Note: User-facing CLI/UI labels the CPU backend as numpy. Vulkan benchmark mode uses resident buffers (upload once, repeated on-device matmul, download once). Performance (Optimized): Vulkan achieves ~564 GFLOPS (78% of NumPy on matmul_vec4 with auto-tuning). For very large square workloads (for example, 4096x4096), the benchmark now prefers the stable matmul_vec4_wide_tiled path by default.

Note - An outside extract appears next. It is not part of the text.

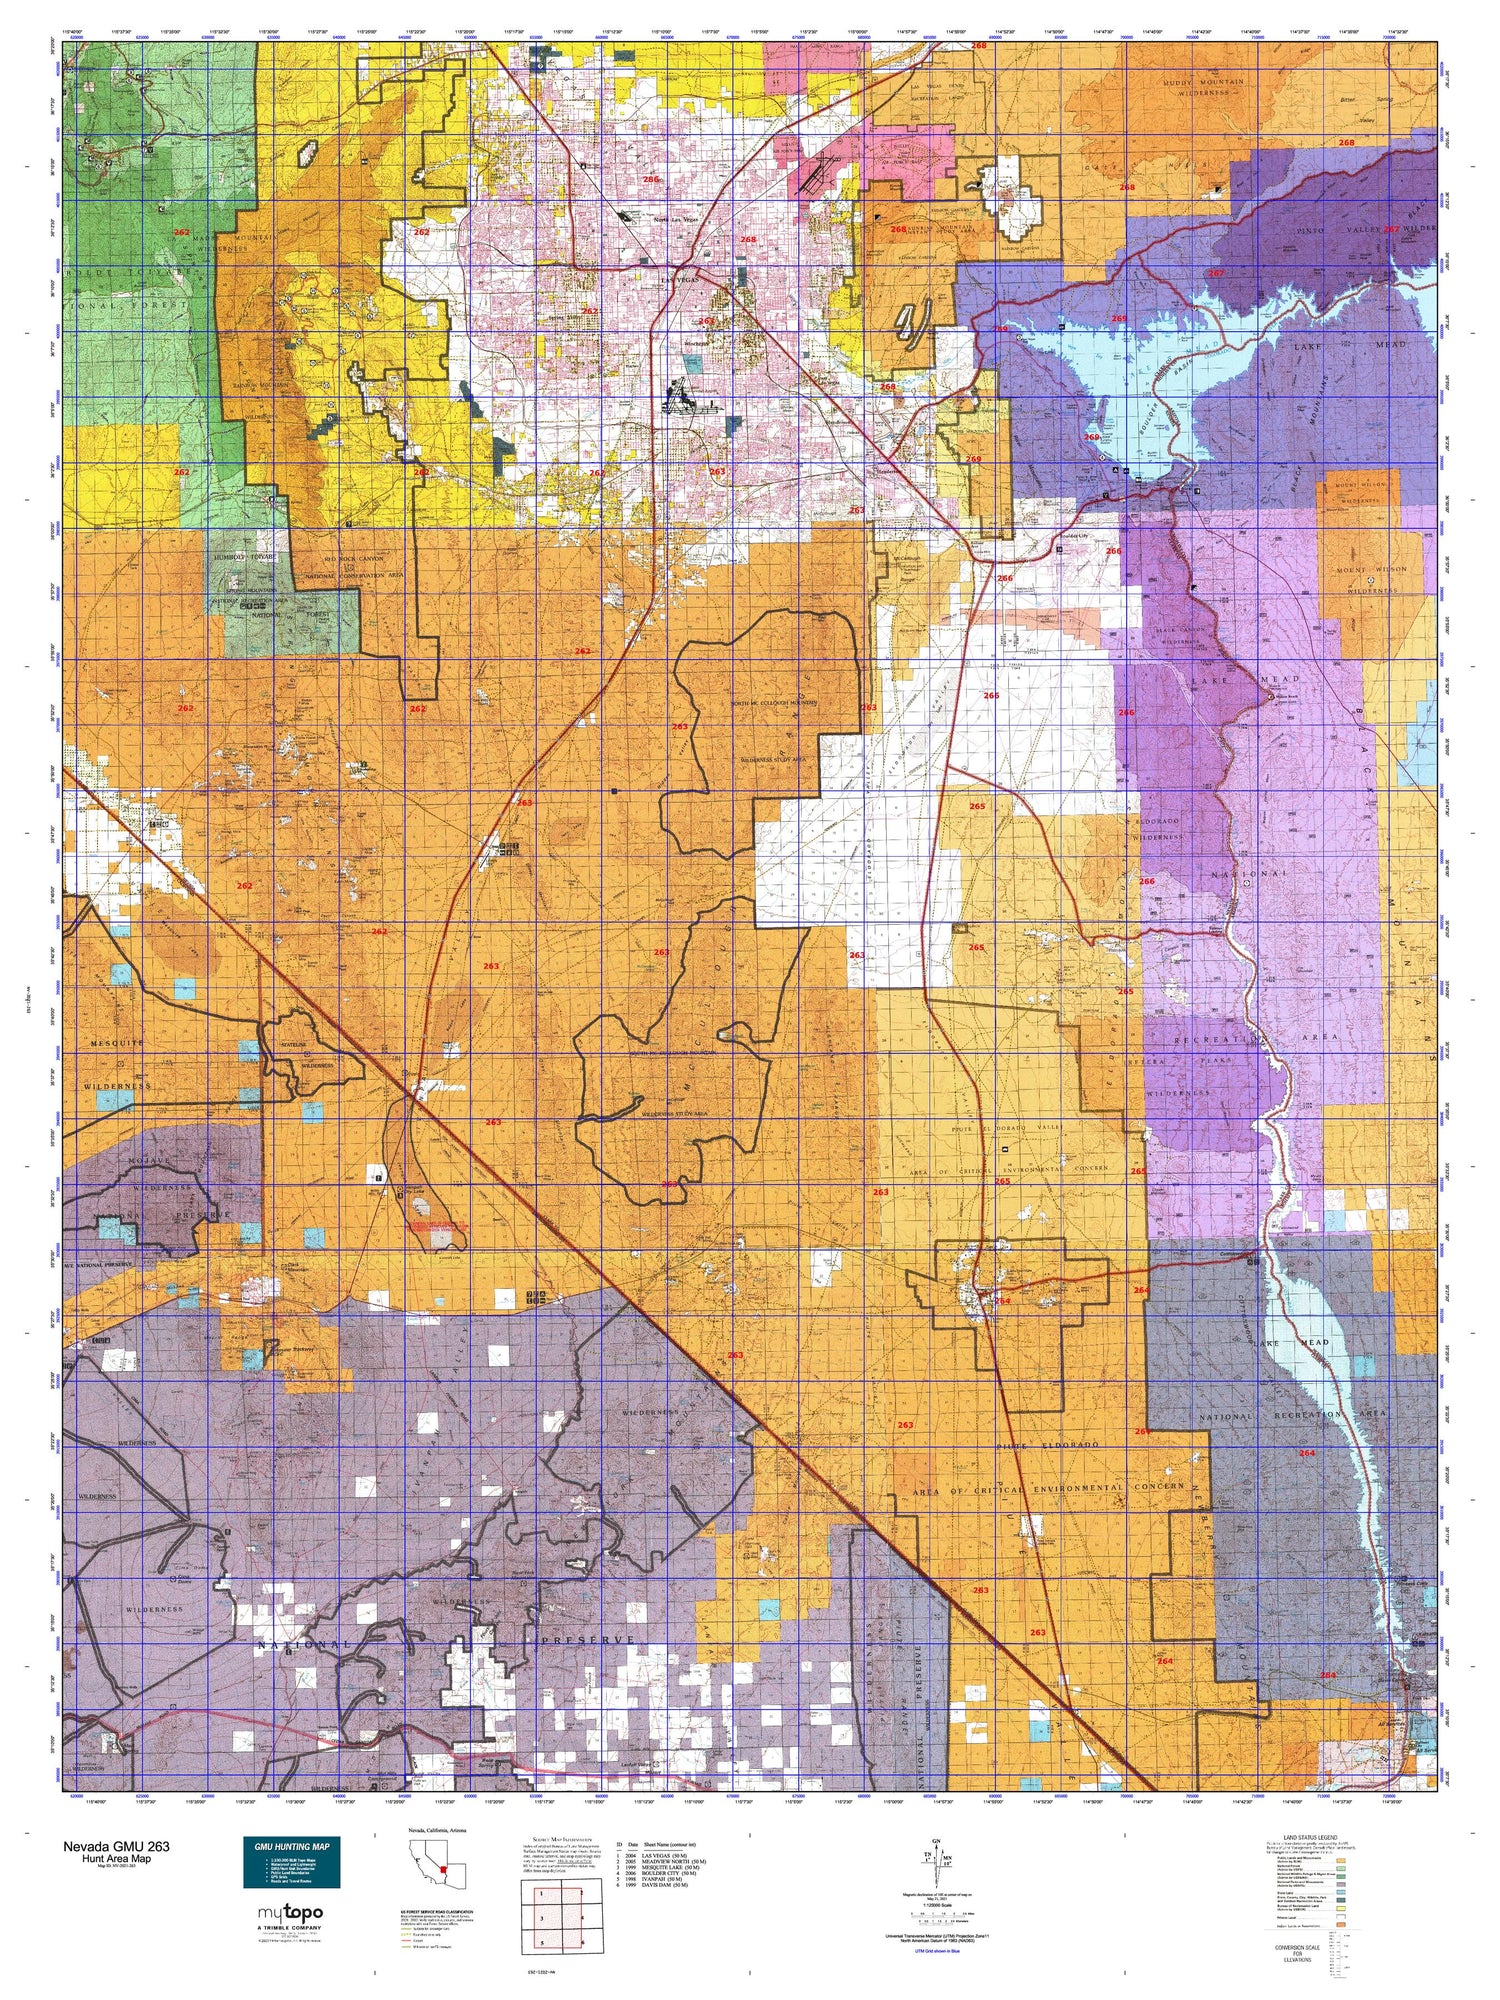 Nevada GMU 263 Map Image

If you want to pin that path manually, use --vulkan-kernel matmul_vec4_wide_tiled --vulkan-submit-every 8. --vulkan-kernel auto probes matmul_vec4_wide_tiled, matmul, matmul_vec4, matmul_vec4_tiled, matmul_a_bt, and matmul_a_bt_tiled (when available) and keeps the faster path. If Vulkan hits VkErrorDeviceLost, lower --vulkan-submit-every (for example, 4 or 1) or use auto-tuning. Recommended: Use --vulkan-autotune-submit to jointly probe kernel + submit chunk and pick the fastest stable combo. Optimizations: Command buffer batching, memory-mapped buffers, auto kernel selection.

📚 What's Included (Core Features)

Tensor Operations: Support for elementwise math, matrix multiplication (matmul), reductions, indexing, reshaping, stacking, and broadcasting.
Layers: Includes standard neural network blocks: Linear, MLP, CNN, GRU, Transformer, normalization layers, activations, pooling, embeddings, and attention.
Training Tools: Full suite of tools including optimizers (SGD), learning-rate schedulers, gradient clipping, and regularization helpers.
Persistence: Ability to save and load checkpoint weights without needing the full torch dependency.
Interfaces: CLI (rasptorch chat) and Streamlit UI (rasptorch ui).

🚀 Getting Started

1. Installation

A. Basic Install (CPU Only): To get the core library components running on the CPU:

pip install rasptorch

B. Development Install (Full Capability): For local development and access to all potential backends:

pip install -e ".[dev]"

C. GPU Mode Prerequisites: To utilize the GPU backend, you must meet these prerequisites: D. GPU Backend Dependencies: For systems with a proper GPU setup (e.g., Raspberry Pi 5), install the GPU backend dependencies using:

# Prerequisites for Vulkan backend (Raspberry Pi 4/5 & Linux)
sudo apt update
sudo apt install -y glslc (for raspberry pi 4/5 & linux operating systems)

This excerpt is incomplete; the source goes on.